Regarding the self-healing part (watchdog), self-healing is still more prevalent in hardware then in software (watchdog timers, RAID, IBM , hot spare memories, hot spare drives etc.) in a sense any solution that builds on clustering technology also has some of that built-in. The virtualization trend will also help in this sense (see discussion on utility computing in this chapter’s summary). You can already read papers that talk about self-healing web services (G. Kouadri Mostéfaoui, 2006) or see some projects that tries to look into this problem (e.g. WS-Diamond - DIAgnosability, Monitoring and Diagnosis). Nevertheless, all of them are still in the research phase and if you want something now, you will probably need to implement something by yourself. In my experience, it won’t take you too much time to have a basic watchdog up and running , but it will take you sometime until you will have it predicting and acting as an advanced warning system.

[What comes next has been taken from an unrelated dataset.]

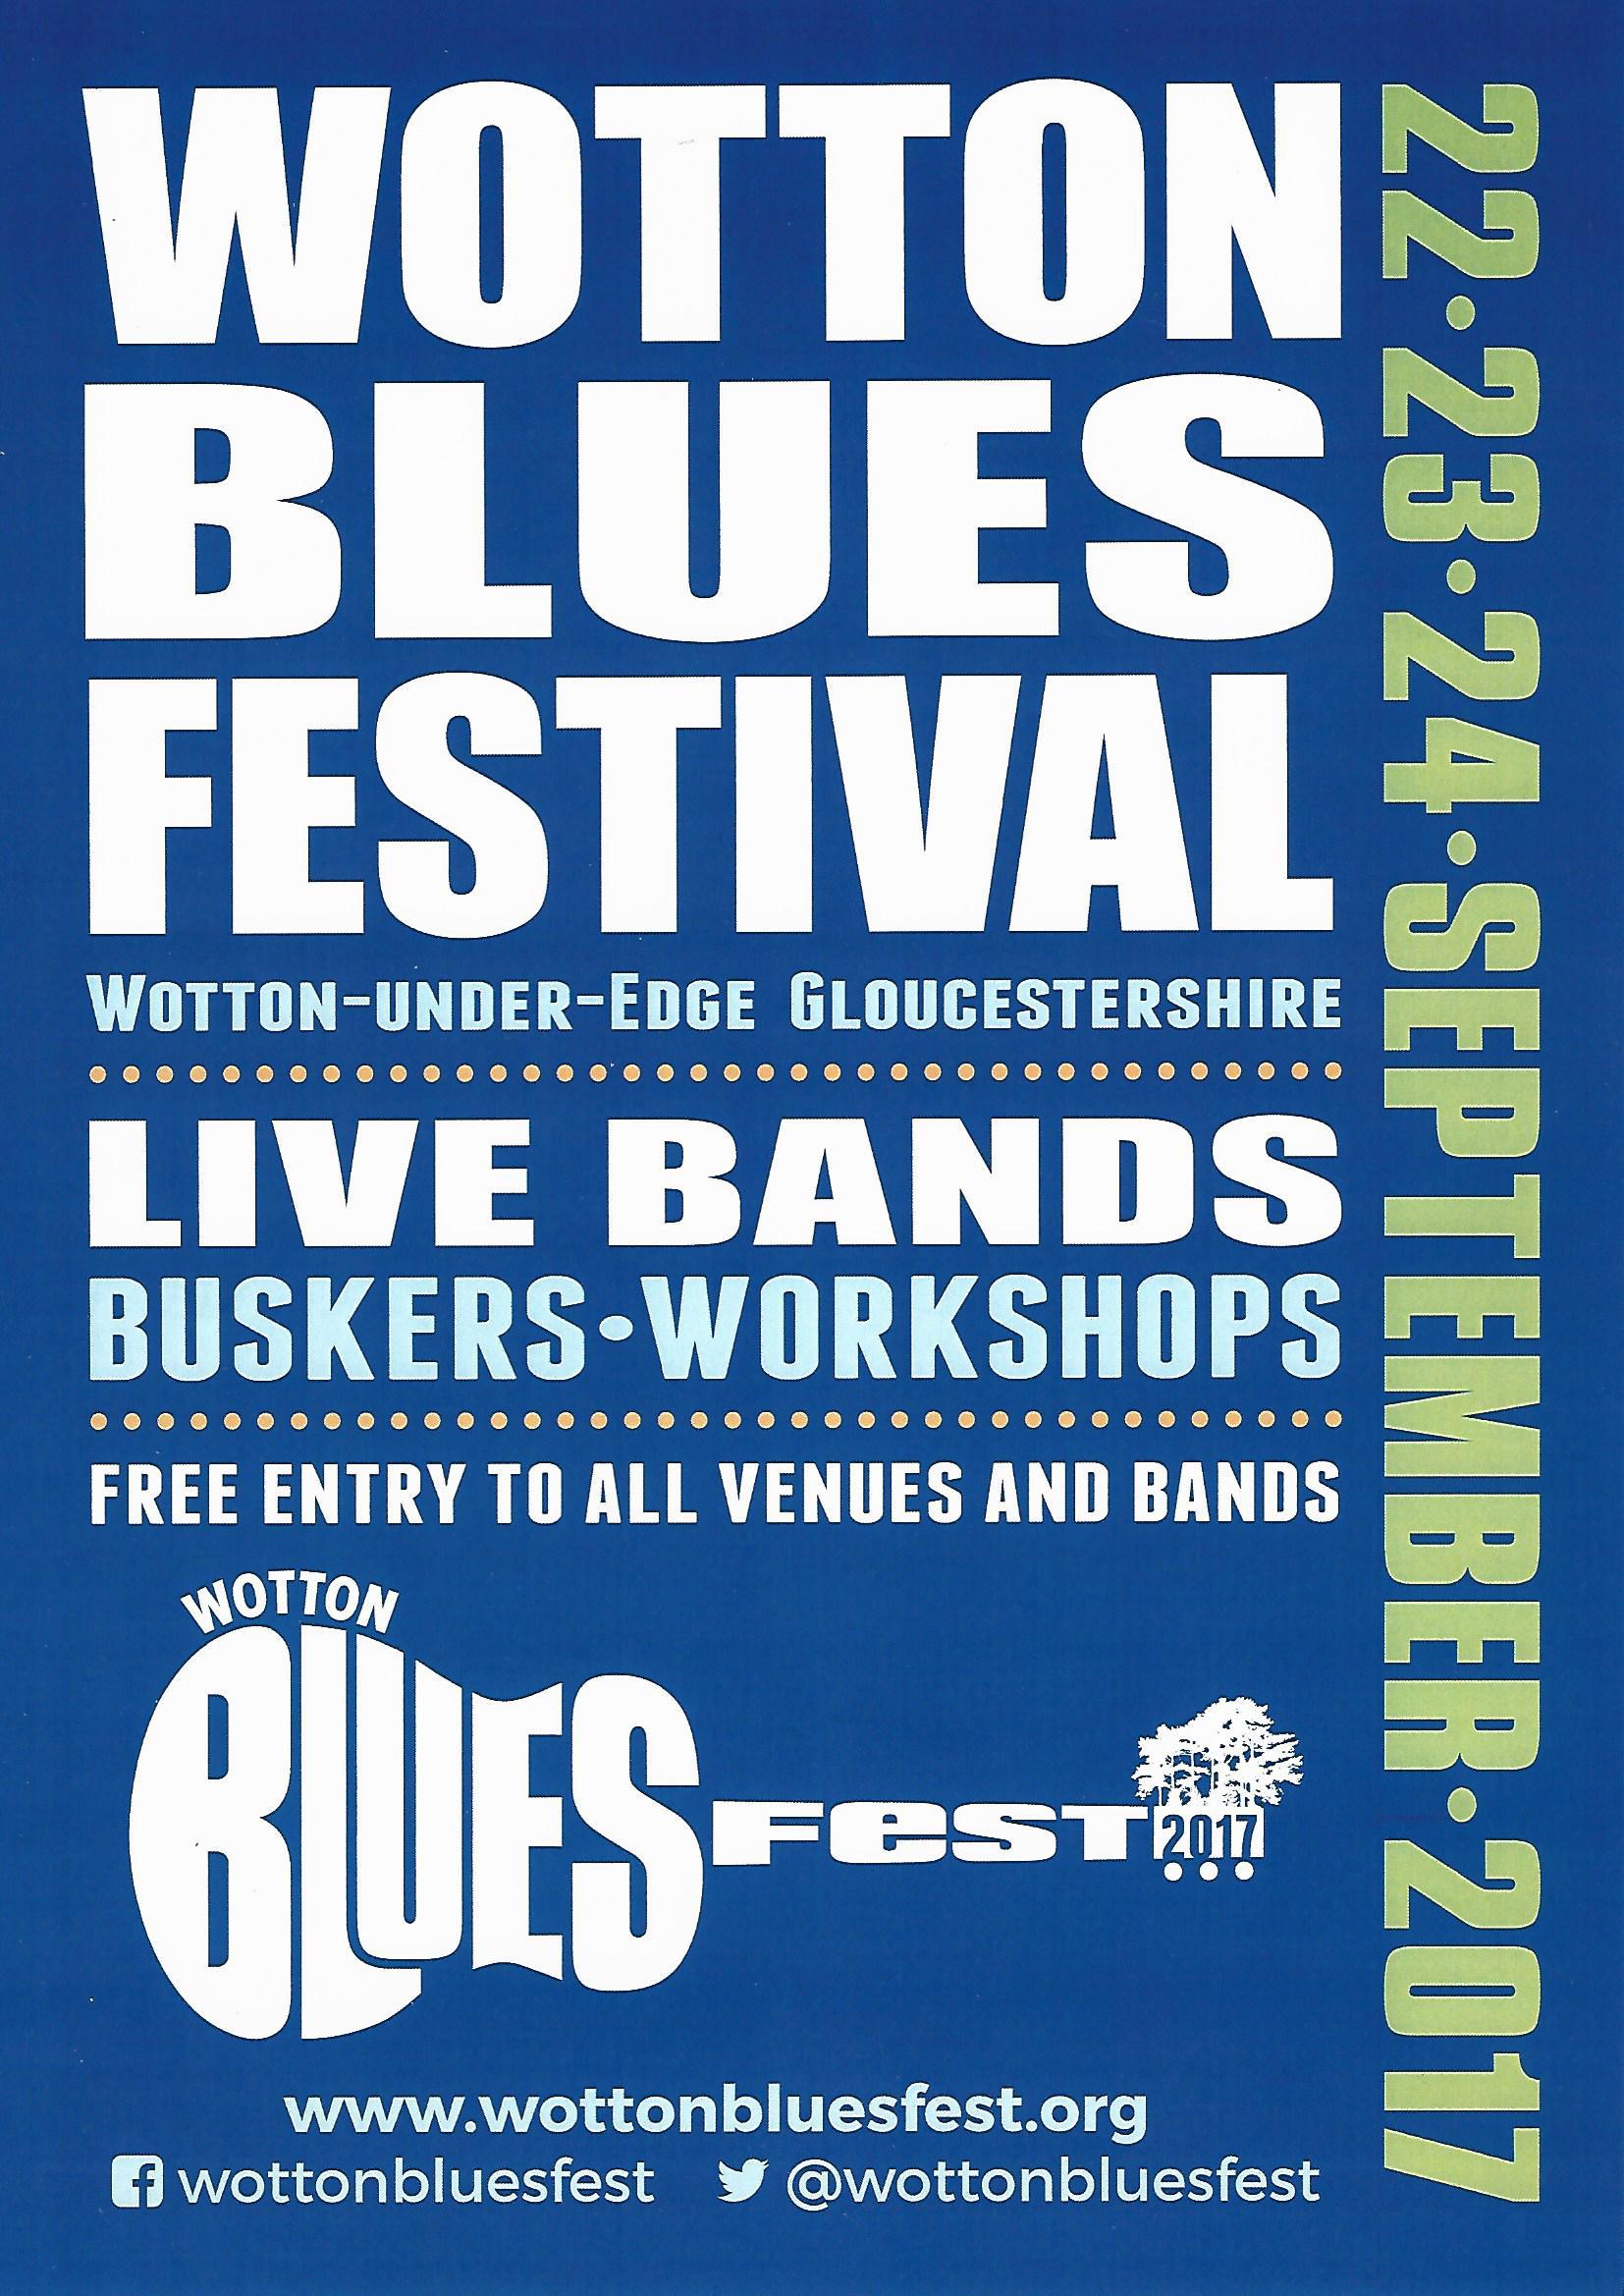 Wotton Bluesfest Poster

The Blogjecting Watchdog is an interesting pattern (and not just because of its odd name) as it can really help on the way to autonomous computing. The effect of this proactive approach is to increase the overall reliability of the service. A service which is self-healing can overcome (at least) minor problem which results in better availability overall. Additionally the monitoring aspects of the Blogjecting Watchdog also help enhance availability by notifying administrators that something is amiss (which will enable them to fix it).
Quality Attribute (level1)
Quality Attribute (level2)
Upon a failure or degraded performance, The system will alert the system admin (via SMS) within 3 minutes.
During normal operations, the system will clear all its temporary resources (e.g. files) continuously
Table 1.1 Blogjecting Watchdog pattern quality attributes scenarios. These are the architectural scenarios that can make us think about using the Blogjecting Watchdog pattern.
Once we introduce a monitor and start to collect data, we can start to find new uses for that data, for example we can use the information on incoming request to try to locate attacks on the service etc. Saved monitoring data can be used to analyze the service’s behavior over time, predict failures and thus increase its maintainability etc.